━━━━━ AVAILABLE RECORDS

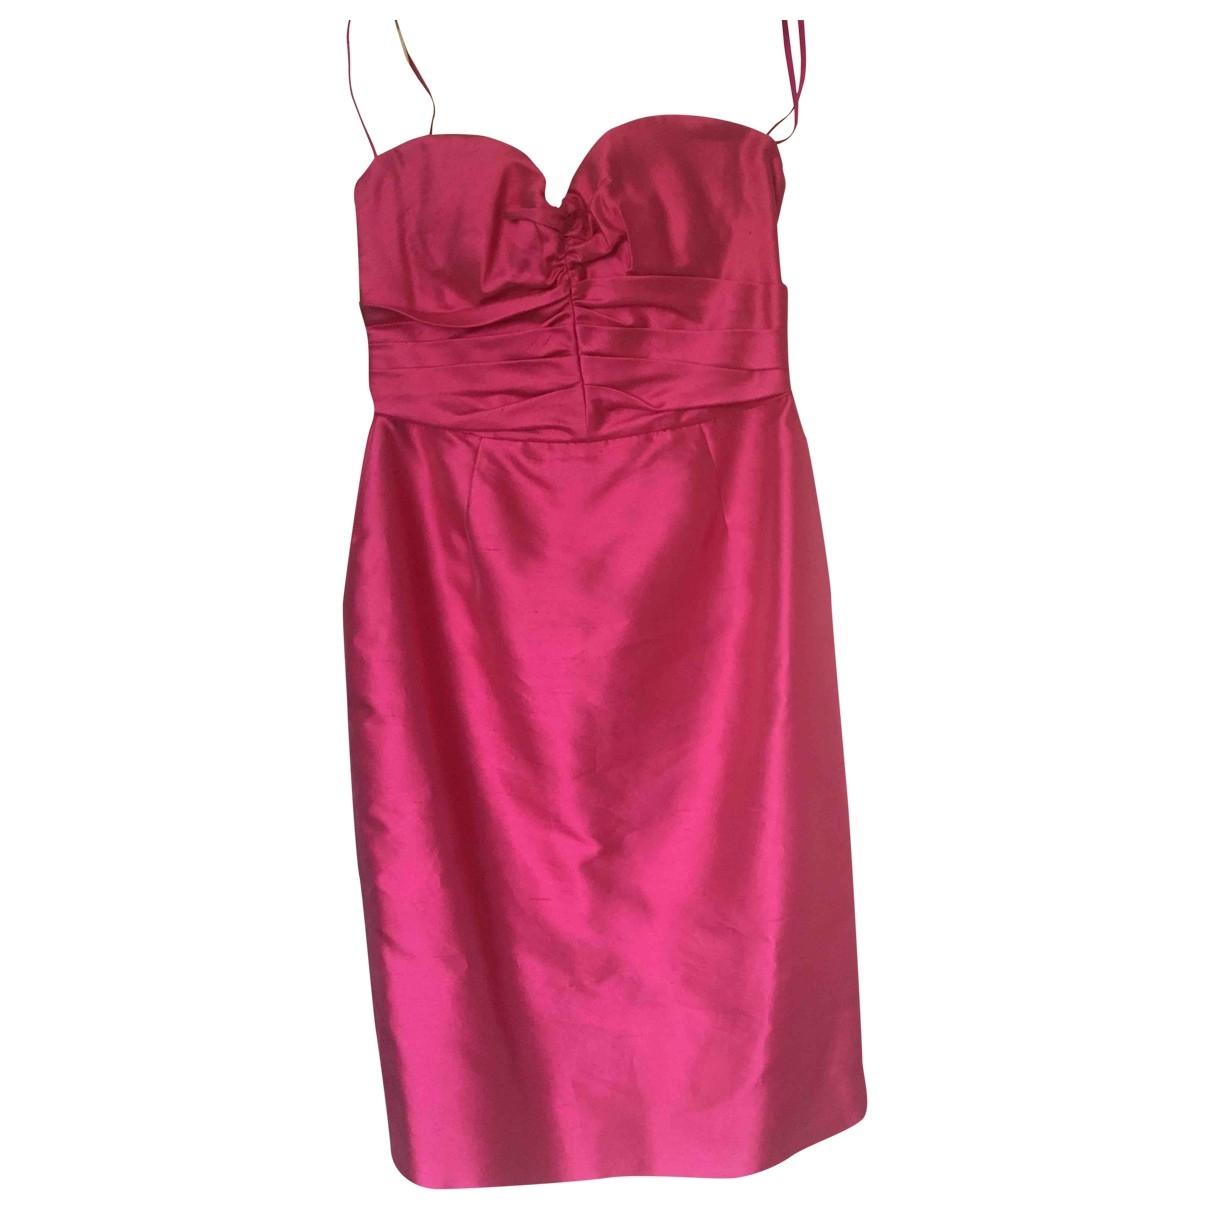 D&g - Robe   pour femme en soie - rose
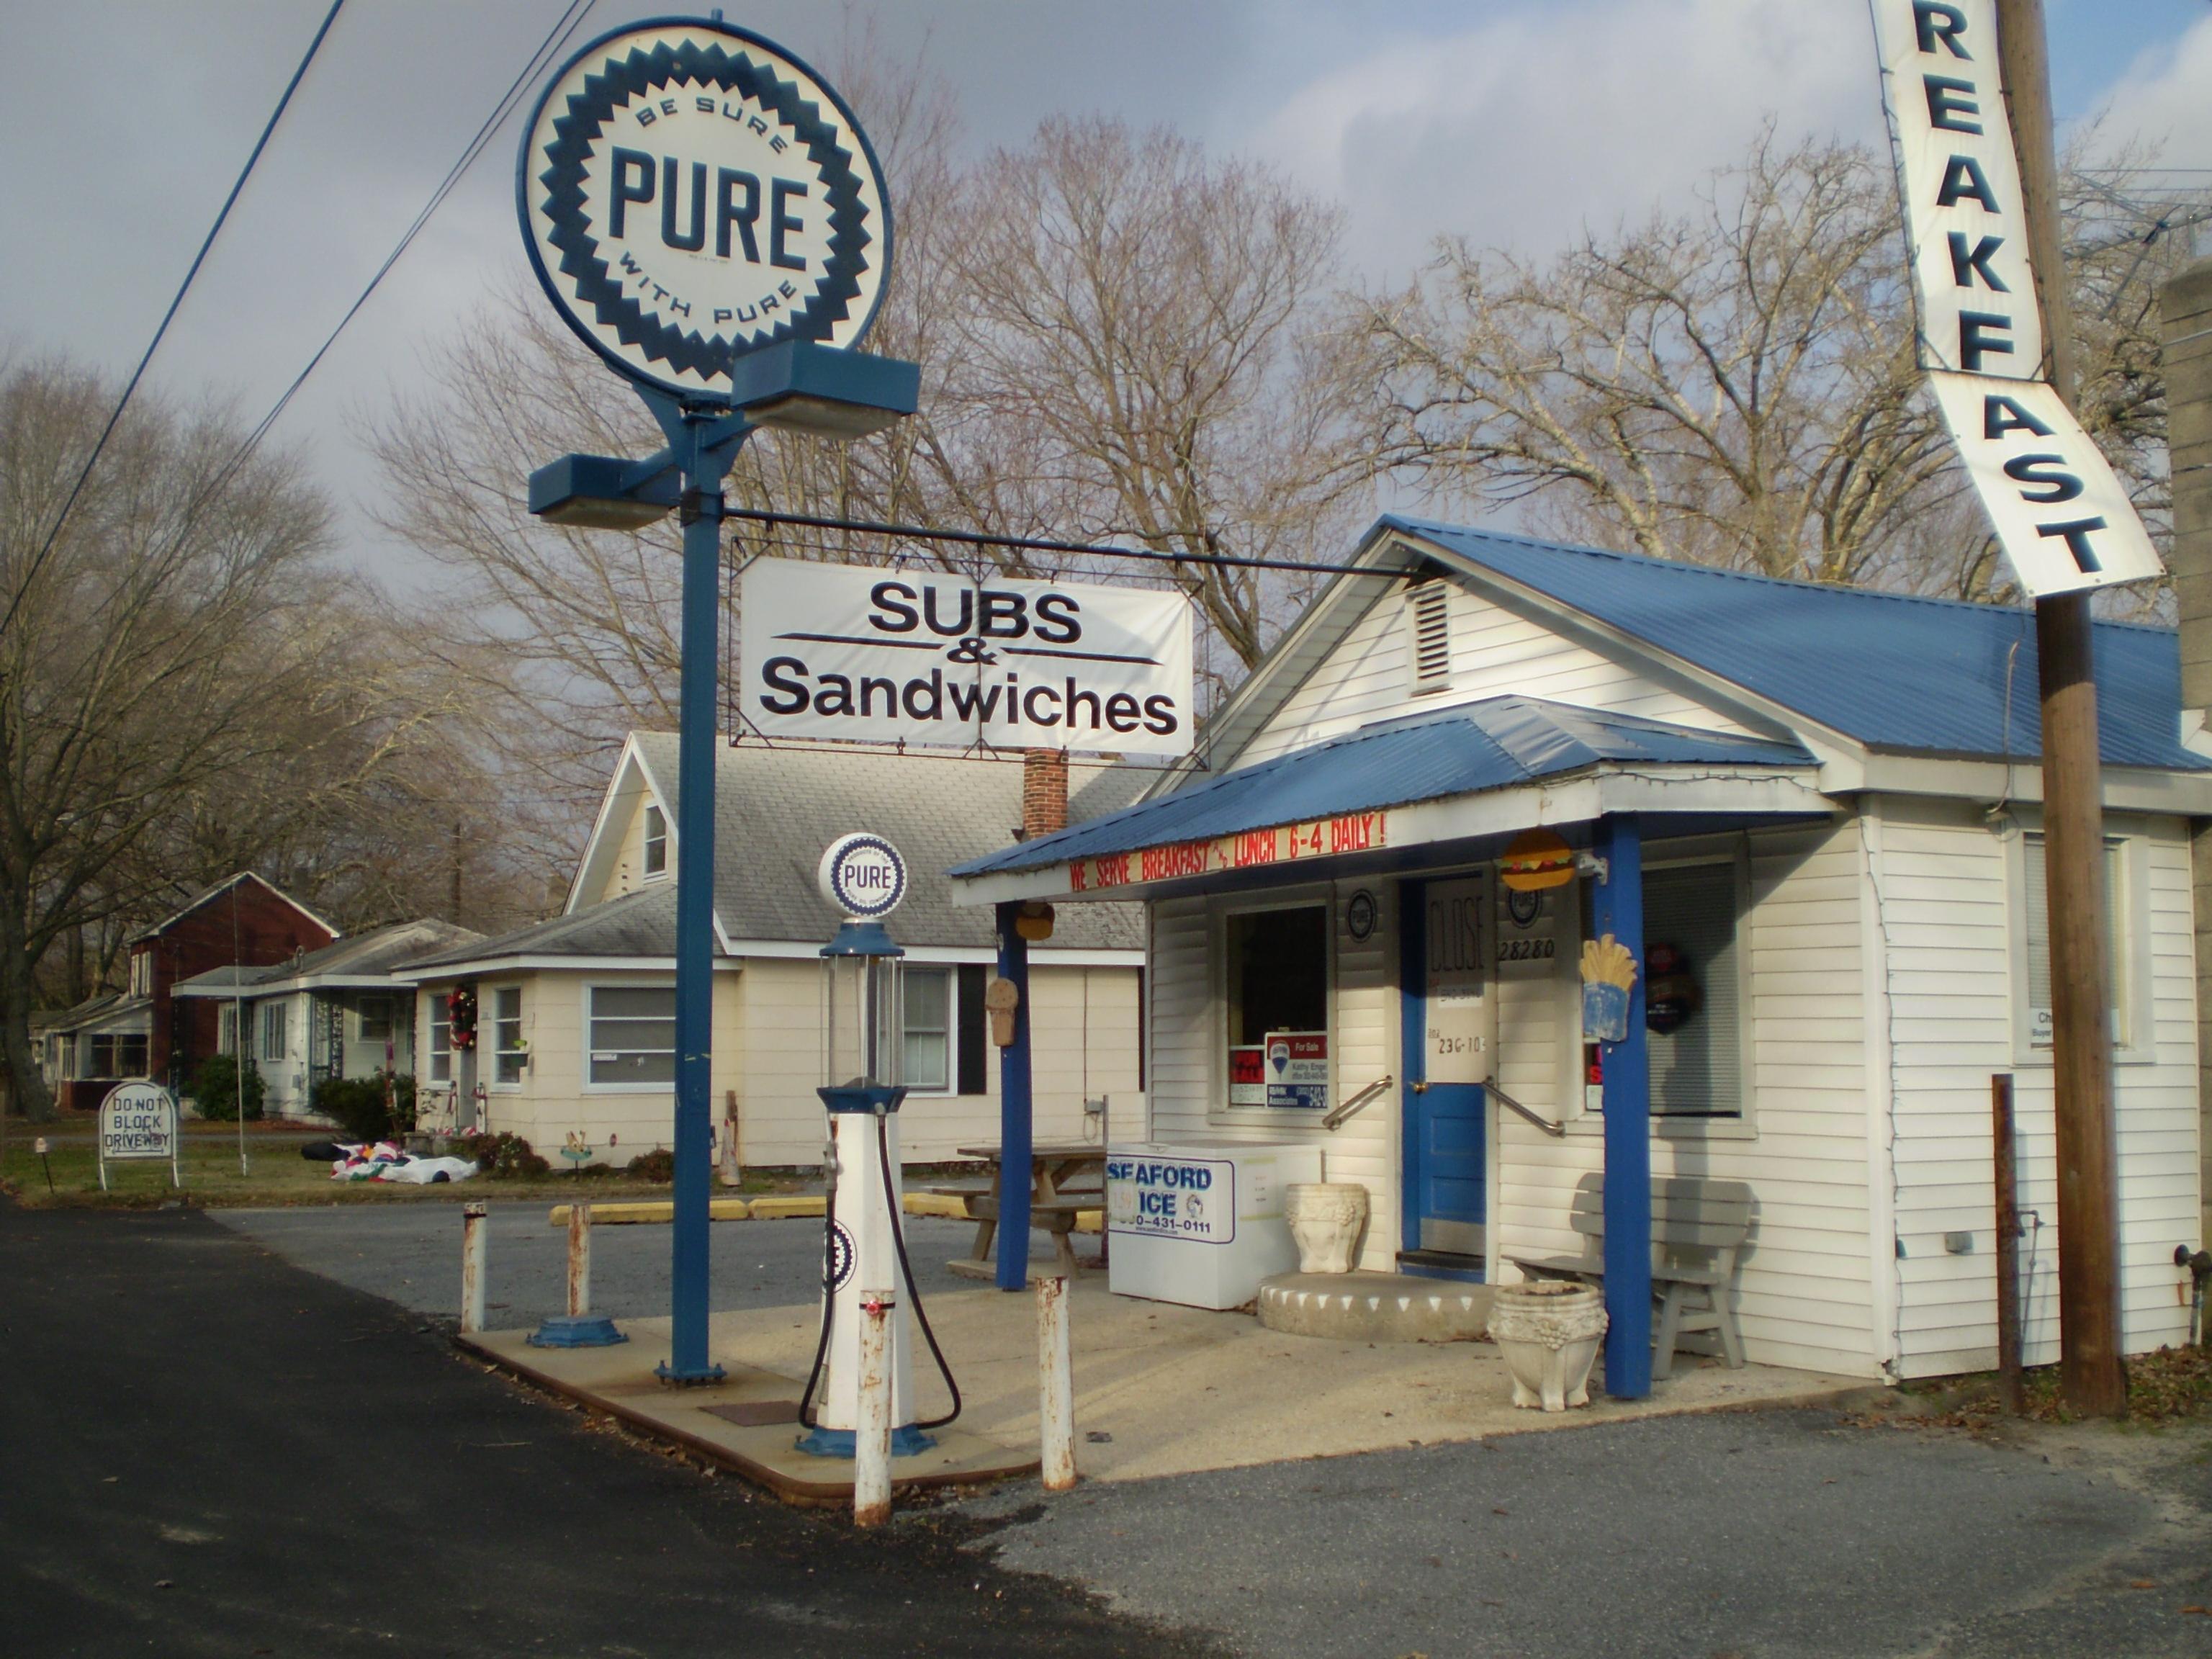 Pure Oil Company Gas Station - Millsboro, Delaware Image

━━━━━━━━━━
━━━━━ AVAILABLE RECORDS

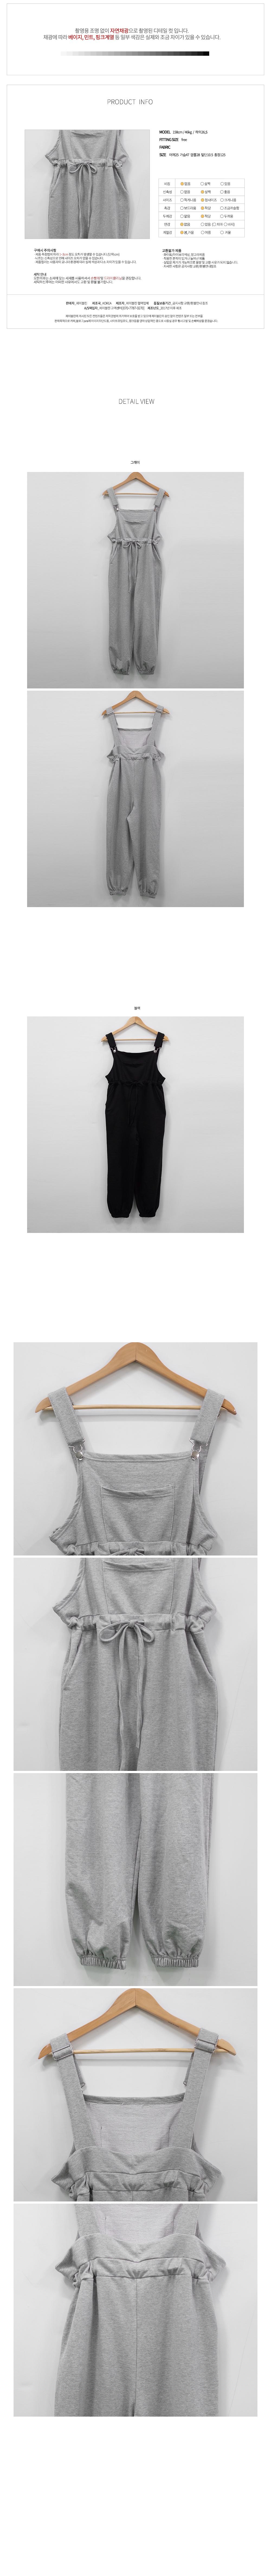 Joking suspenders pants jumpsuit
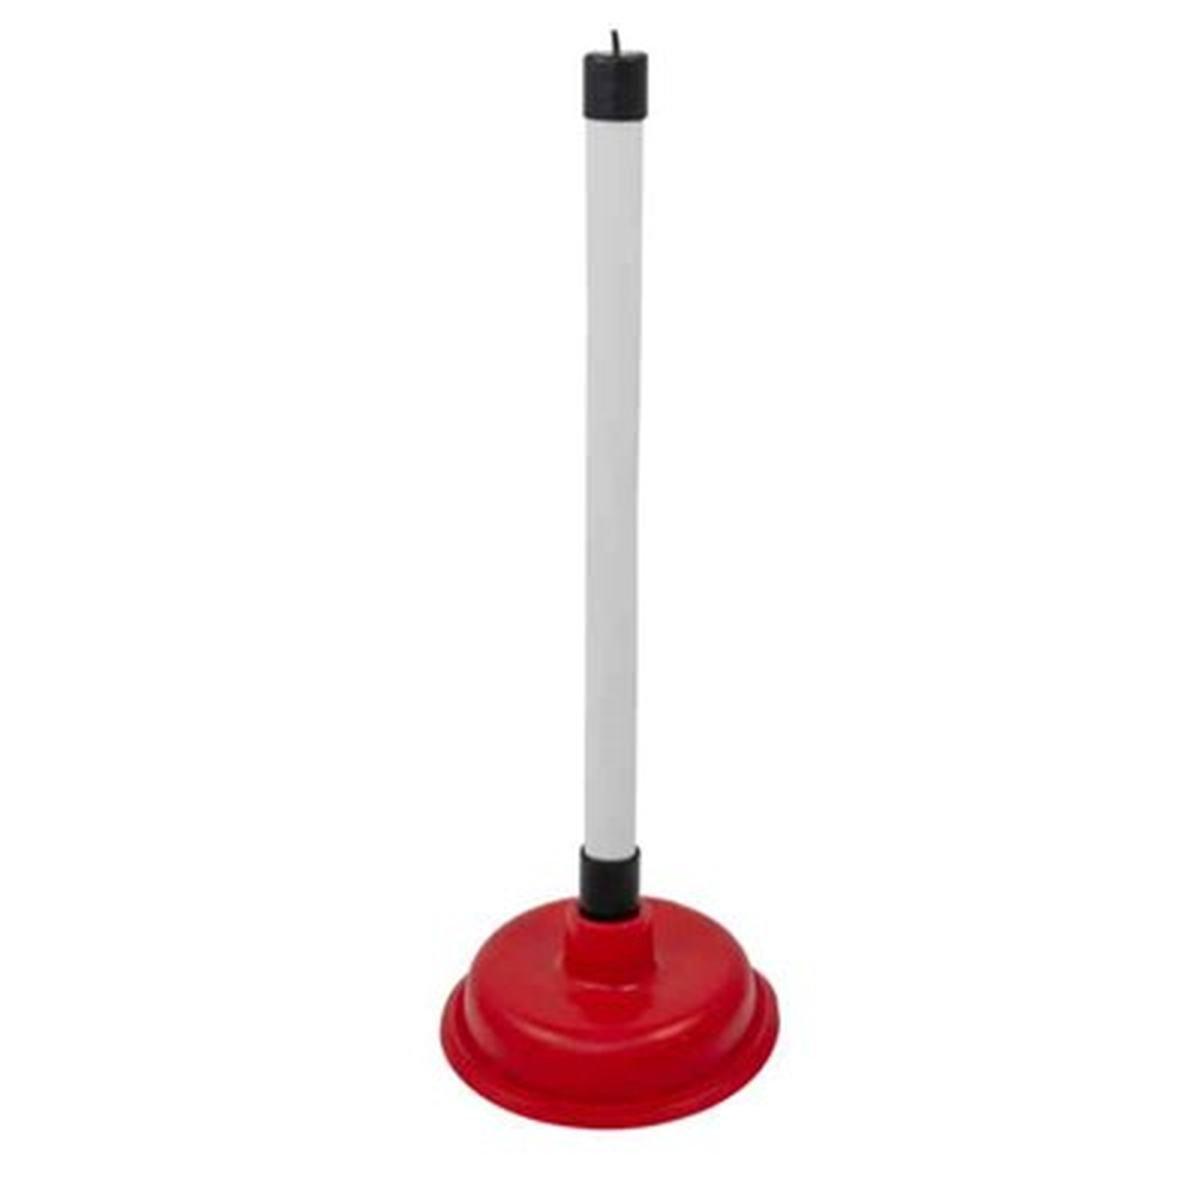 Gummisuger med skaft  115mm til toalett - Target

━━━━━━━━━━
━━━━━ AVAILABLE RECORDS

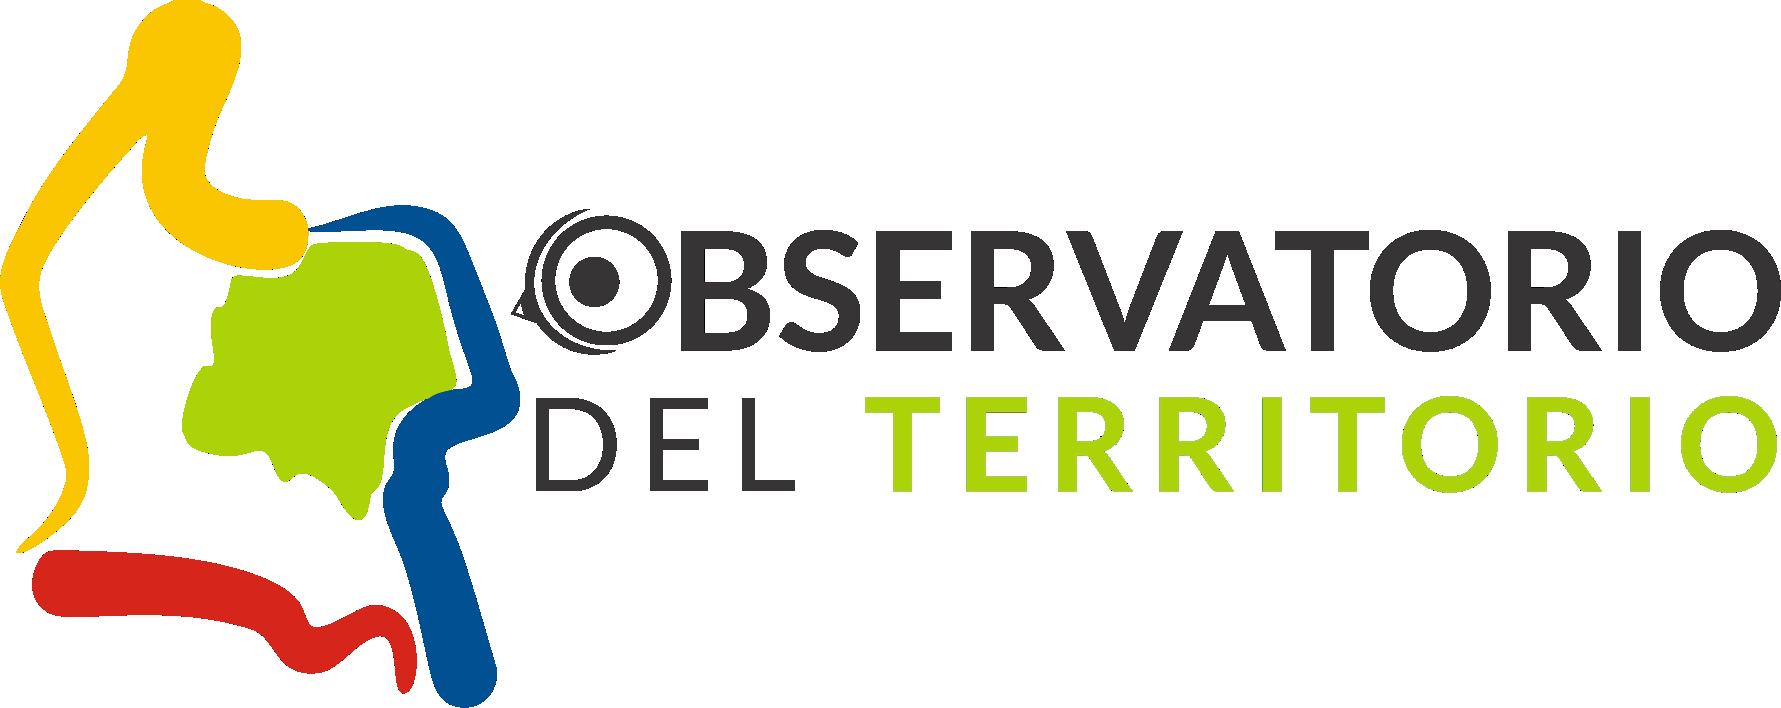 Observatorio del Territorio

━━━━━━━━━━

§ BRIEF
Given the listing above, repeat exactly the lines starting at the one with "soie - rose" and ending at the one with "Pure Oil Company", inclusive, excluding pictures.

§ RESPONSE AREA
 D&g - Robe   pour femme en soie - rose
 Pure Oil Company Gas Station - Millsboro, Delaware Image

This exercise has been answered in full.